Please make sure what you return matches the listing below exactly, minus its pictures.

> SOURCE DATA:
::::::

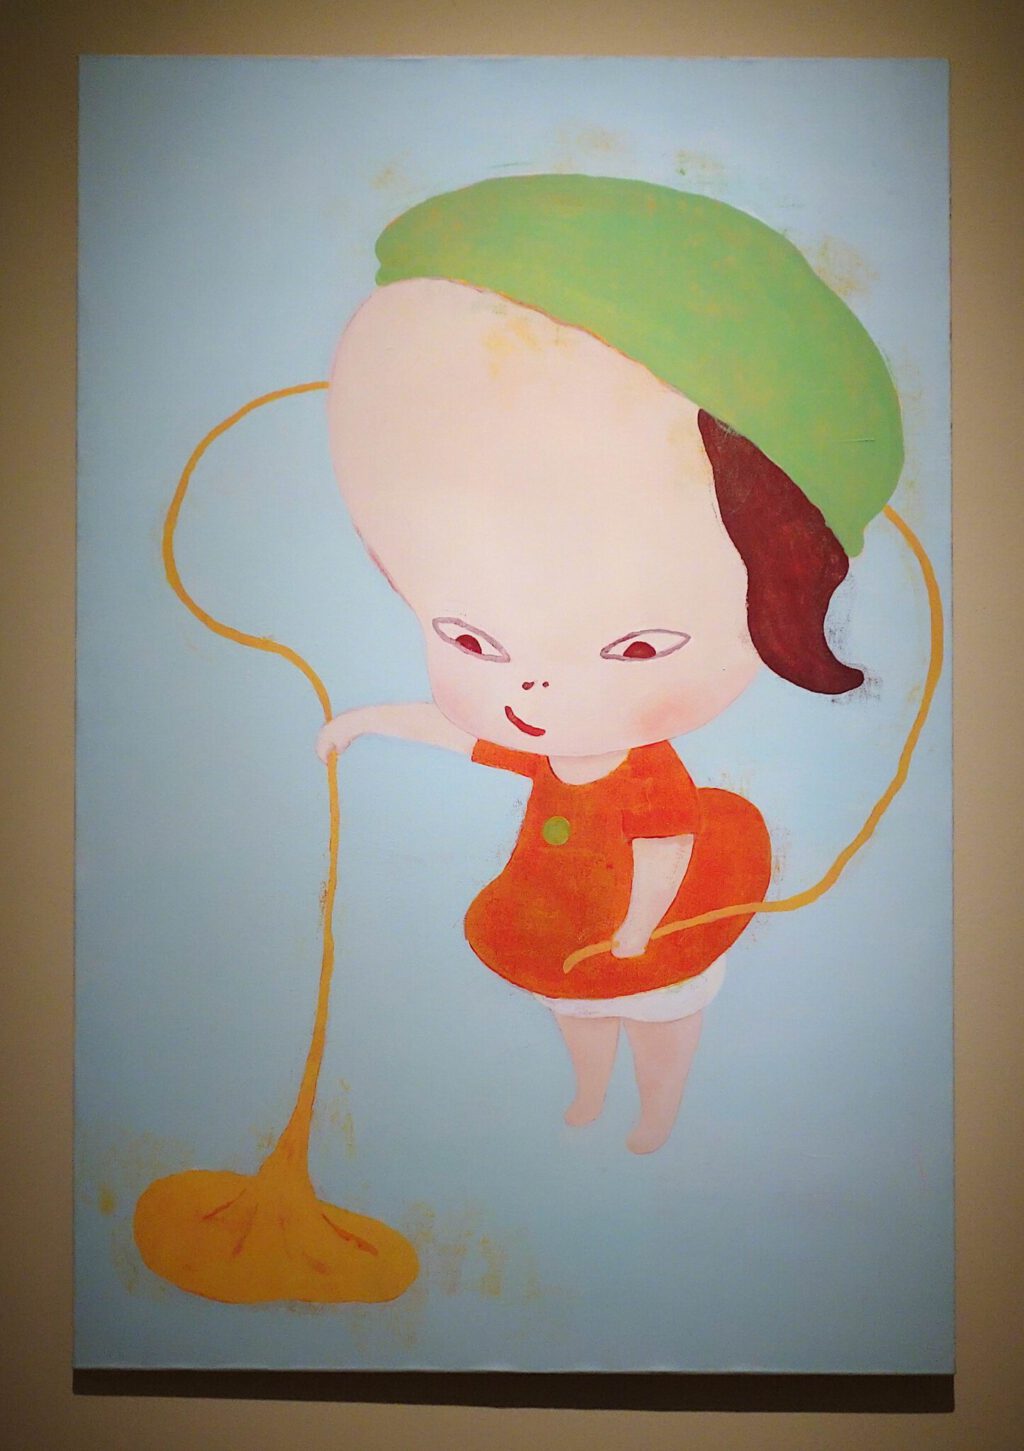 奈良美智 NARA Yoshitomo 「地雷探知機」Mine Detector 1993. Acrylic on canvas, 150 x 100 cm. 高松市美術館寄託 : Entrusted to Takamatsu Art Museum
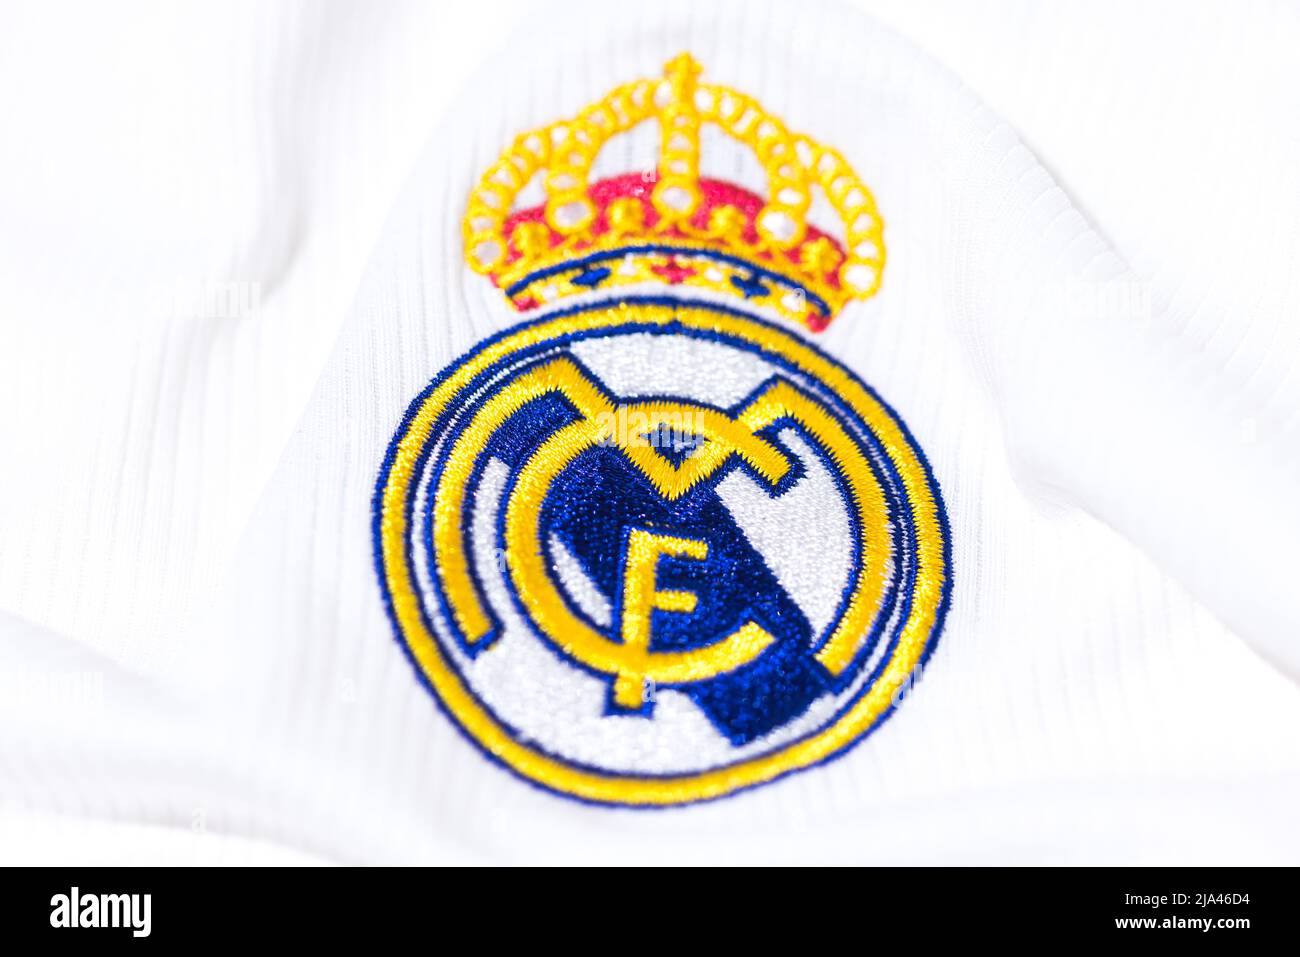 Escudo en la camiseta blanca del Real Madrid Football Club. UEFA CHAMPIONS LEAGUE FINAL CONCEPTO EL 28 DE MAYO DE 2022, CAMPEÓN, europa, LEAGUE, españa. Foto de stock
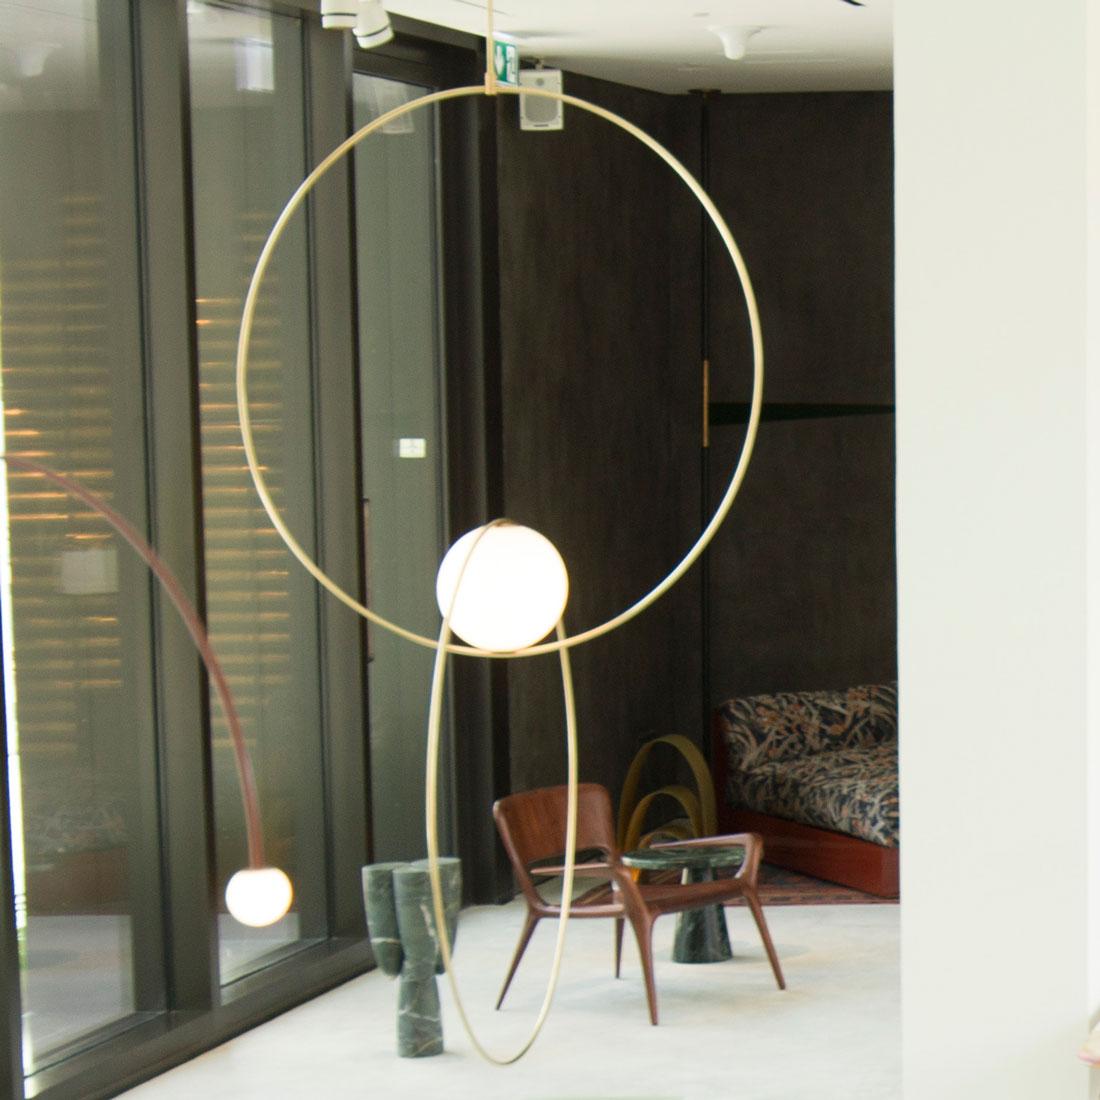 Loop-Kollektion von Michael Anastassiades Gleichgewicht, Farbe und minimale Formen. Die Double-Looping-Aufhängung verleiht jedem Raum eine elementare Schlichtheit, perfekt in ihrer architektonischen Symmetrie

::::::

> OUTPUT BELOW:
 奈良美智 NARA Yoshitomo 「地雷探知機」Mine Detector 1993. Acrylic on canvas, 150 x 100 cm. 高松市美術館寄託 : Entrusted to Takamatsu Art Museum
 Escudo en la camiseta blanca del Real Madrid Football Club. UEFA CHAMPIONS LEAGUE FINAL CONCEPTO EL 28 DE MAYO DE 2022, CAMPEÓN, europa, LEAGUE, españa. Foto de stock
 Loop-Kollektion von Michael Anastassiades Gleichgewicht, Farbe und minimale Formen. Die Double-Looping-Aufhängung verleiht jedem Raum eine elementare Schlichtheit, perfekt in ihrer architektonischen Symmetrie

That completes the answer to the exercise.